Relative clauses are the "expanding" tools of the English language. They allow you to add essential or extra information about a noun without starting a brand-new sentence. Think of them as the descriptive adjectives of the clause world.
1. The Building Blocks: Relative Pronouns
To start a relative clause, you need a connector. The choice depends on what (or who) you are talking about:
| Pronoun | Used for... | Example |
| Who | People (Subject) | The chef who won the award is here. |
| Whom | People (Object) | The candidate whom we hired is brilliant. |
| Which | Things/Animals | The book which is on the table is mine. |
| That | People/Things | The car that I bought is hybrid. |
| Whose | Possession | The girl whose cat is missing is sad. |
2. Defining vs. Non-Defining Clauses
This is where most people get tripped up. It’s all about whether the information is essential or just a bonus.
Defining (Restrictive) Clauses
These are necessary to identify the specific noun you are talking about.
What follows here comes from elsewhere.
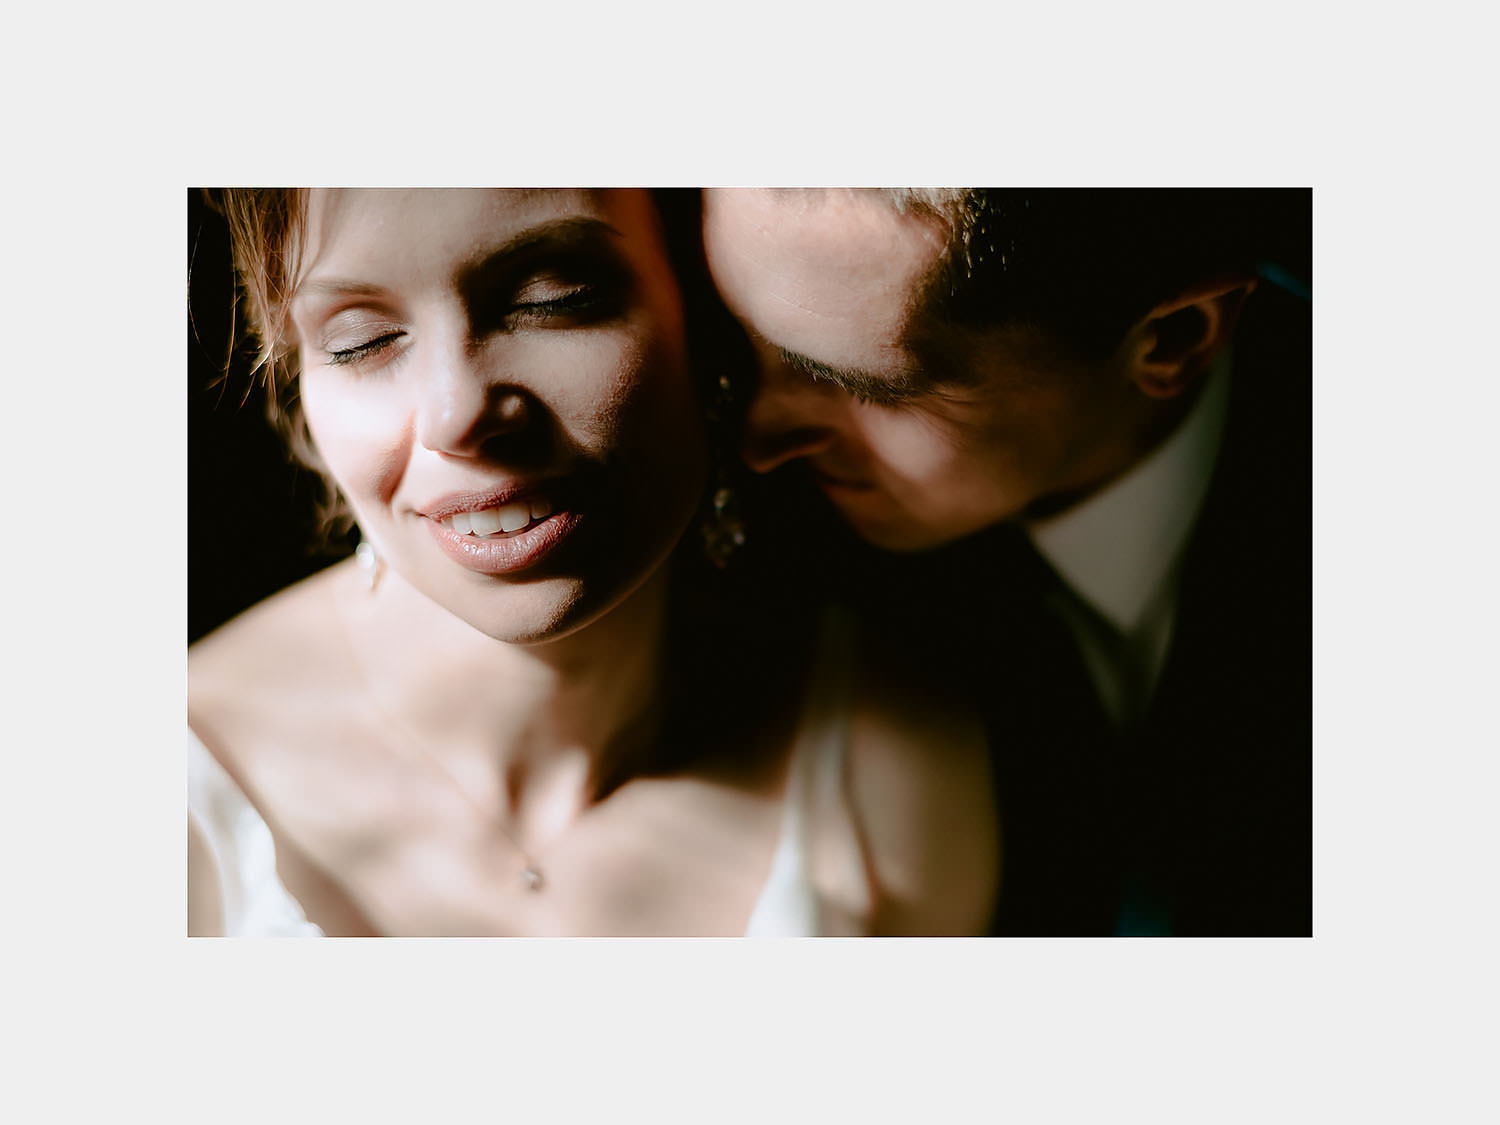 wedding photographer venice elopement intimate ccouple portrait session photos

If you remove it, the sentence no longer makes sense or loses its specific meaning.
Rule: No commas used.
Example: "The students who studied hard passed the exam."
Meaning: Only the specific students who studied passed.
Non-Defining (Non-Restrictive) Clauses
These add extra "flavor" or "interesting facts" about a noun that is already clearly identified.
Rule: Always use commas. You cannot use "that" here.
Example: "My brother, who lives in Tokyo, is a designer."
Meaning: You already know who my brother is; the fact that he lives in Tokyo is just extra info.
3. The "That" vs. "Which" Debate
In American English, we tend to be quite strict about this:
Use that for defining clauses (no commas).
Use which for non-defining clauses (always commas).
Pro Tip: If you can remove the clause and the sentence still "works," use which and commas. If the sentence breaks, use that.
4. When can you drop the pronoun?
You can actually delete the relative pronoun (who, which, that) if it is the object of the clause.
Keep it: "The man who called you is outside." (Who is the subject doing the calling—cannot delete).
Drop it: "The movie [that] we watched was boring." (We is the subject, that is the object—you can safely ditch it).